Queen's ex-doctor slams virtual GPs
Queen’s ex-doctor slams virtual GPs: Former private medic to Her Majesty brands online appointments ‘unsafe’ as important health information could be missed
- Sir Richard Thompson warned that ‘vital clinical cues’ might be missed online
- He said virtual appointments were unnecessary at this stage in the pandemic
- His comments come after Greater Manchester’s senior coroner ruled lack of in person assessment had contributed to at least five deaths
The Queen’s former doctor has slammed ‘unsafe’ online GP appointments, it was revealed yesterday.
Sir Richard Thompson said virtual consultations – introduced to curb the spread of Covid – are no longer necessary.
As it emerged that some patients are now paying for private consultations in a desperate bid to see a doctor, Sir Richard called for ‘as many as possible’ face-to-face appointments as many Britons are now vaccinated.
His comments come after Greater Manchester’s senior coroner ruled that a lack of face-to-face assessments had contributed to at least five deaths – and warned of more to come.
Sir Richard, who was the Queen’s private doctor for 21 years and a former president of the Royal College of Physicians, said seeing a patient can provide ‘vital clinical cues’.
‘It’s sad so many appointments have gone online because you can miss important health information you cannot get from a virtual consultation and this can be unsafe,’ he told the Sunday Express.
Sir Richard Thompson said virtual consultations – introduced to curb the spread of Covid – are no longer necessary [Stock image]
Some patients have turned to private healthcare in order to see a doctor.

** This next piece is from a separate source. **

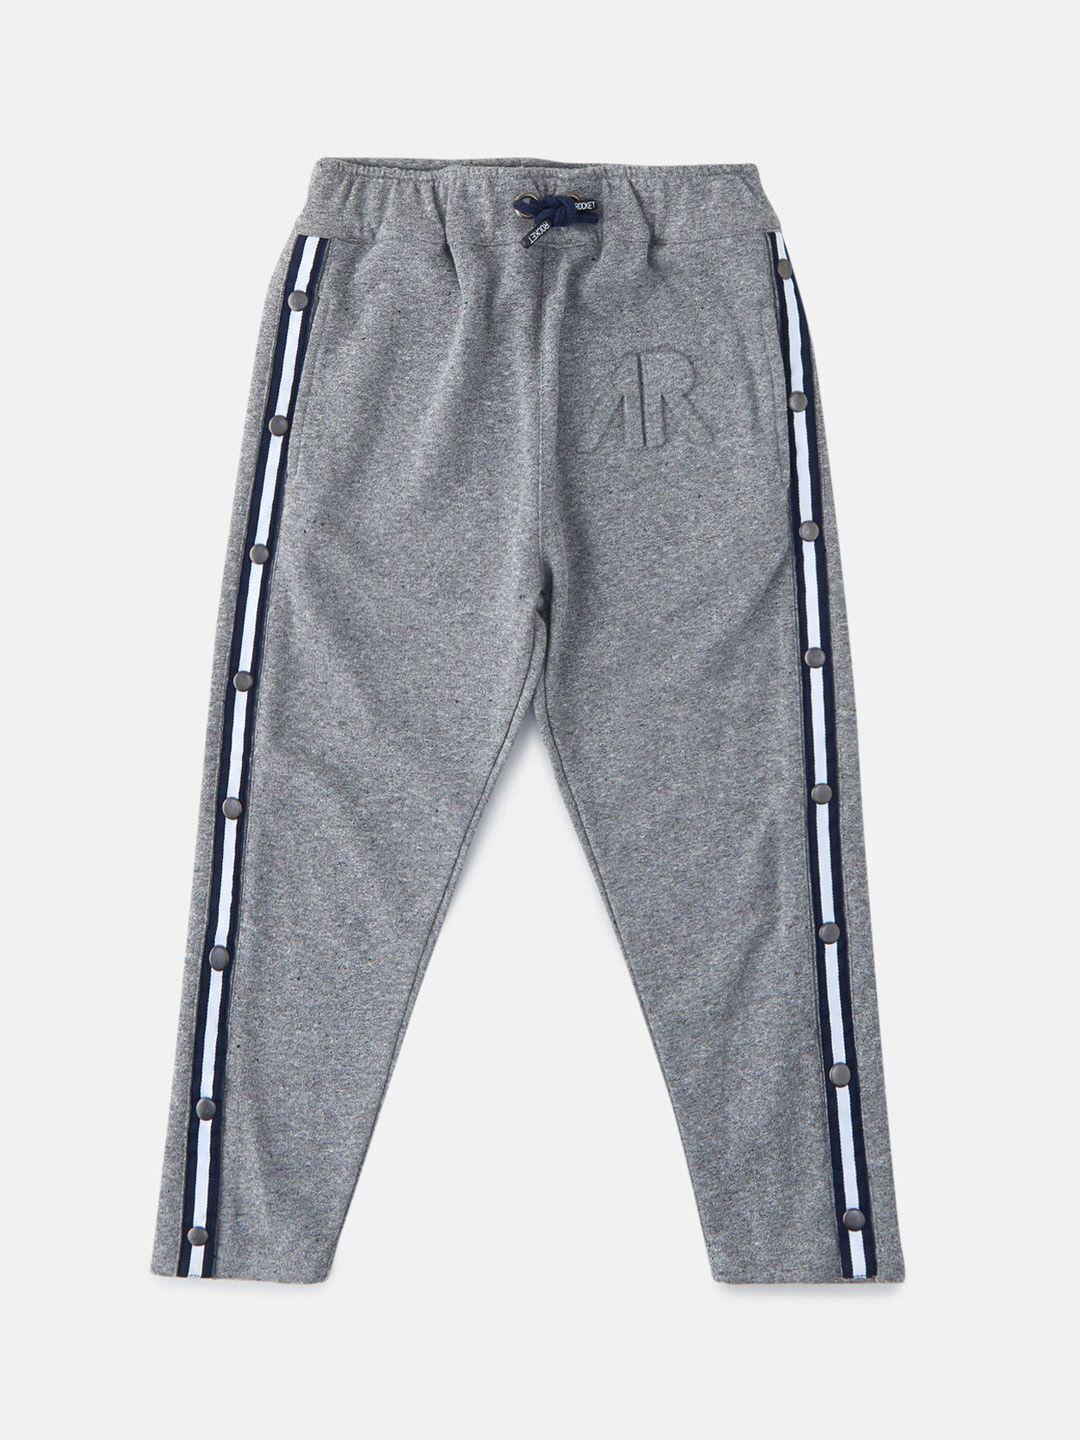 angel-&-rocket-boys-grey-trousers

June Gray, 69, a jewellery seller from Ipswich, Suffolk, paid £95 for a face-to-face GP appointment for her son, who suffers from Crohn’s disease.
‘The GP was from my son’s normal NHS practice,’ she told The Sunday Times.

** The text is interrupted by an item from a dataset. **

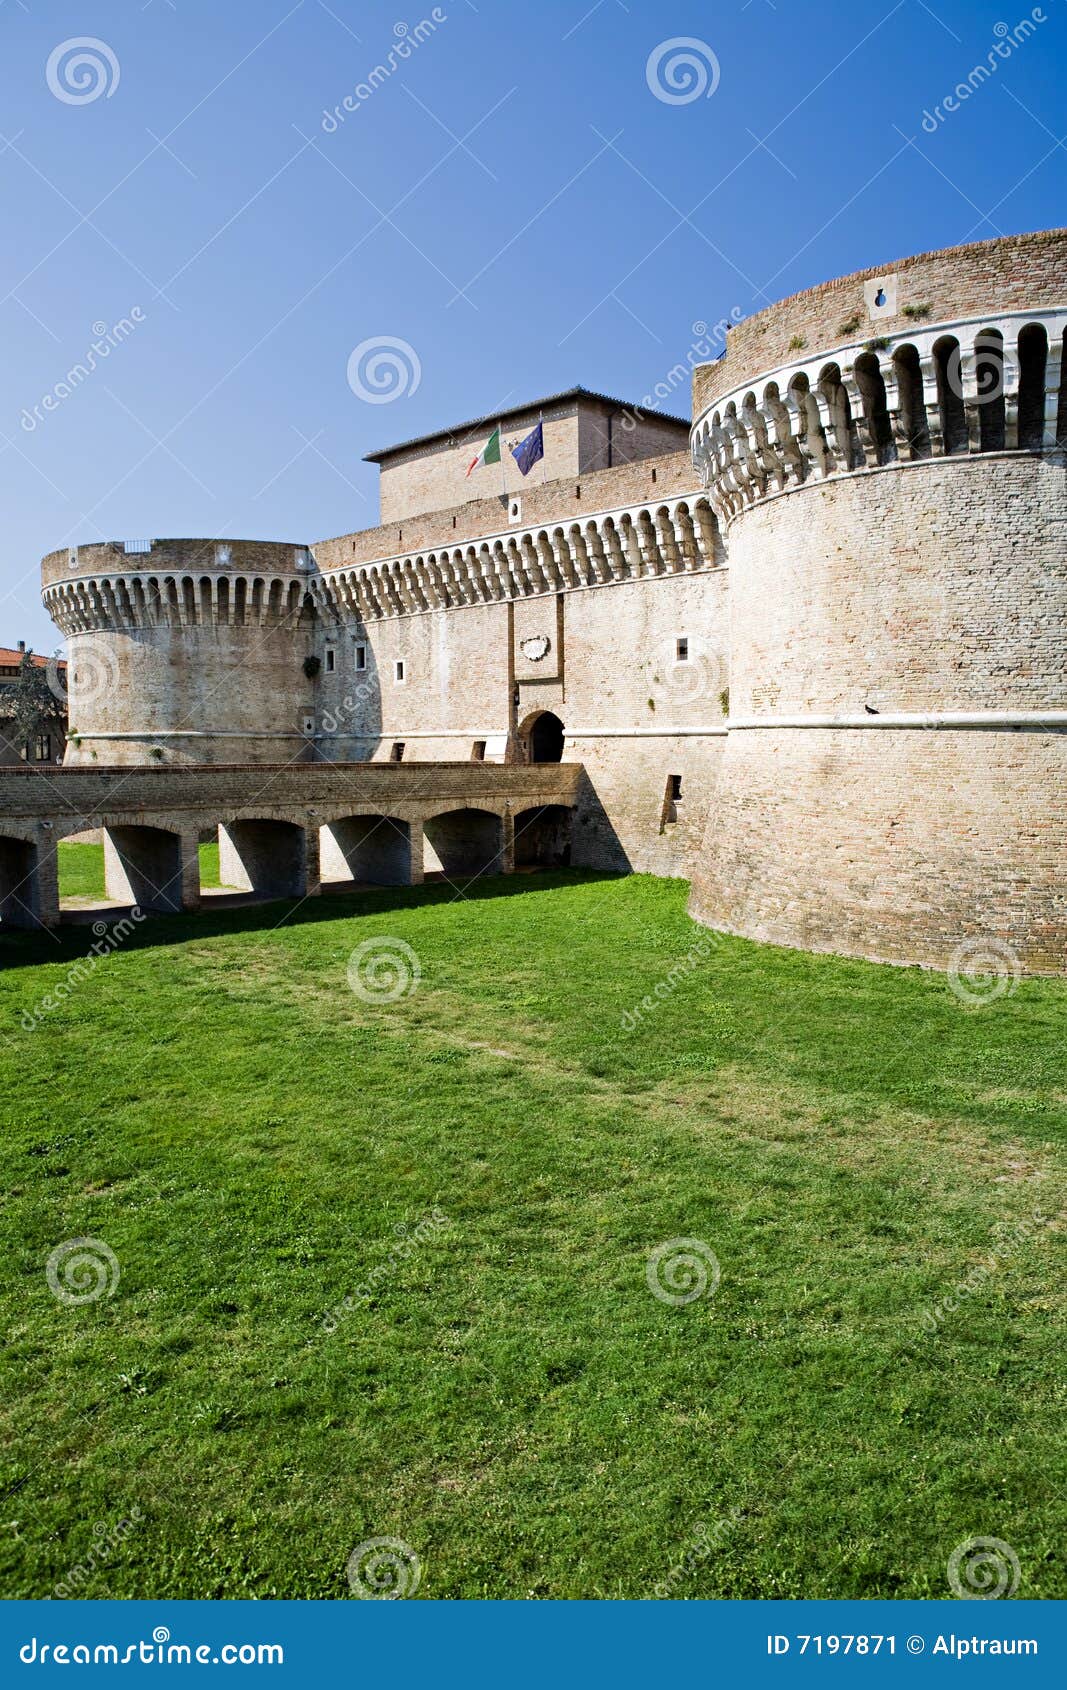 castle in italy - rocca roveresca

‘He was as surprised as my son to see one of his own patients.
‘He kindly refunded his fee and sent my son to hospital for blood tests.’
Last week, the UK’s second largest private healthcare provider, Spire, reported 81 per cent more revenue from self-funded patients in the second quarter of the year compared to in 2019.
Chief executive Justin Ash said people are ‘paying to get off waiting lists’.
Overall, the number of NHS patients waiting for routine operations has grown to 5.61million, with nearly 300,000 waiting longer than a year from referral to first treatment.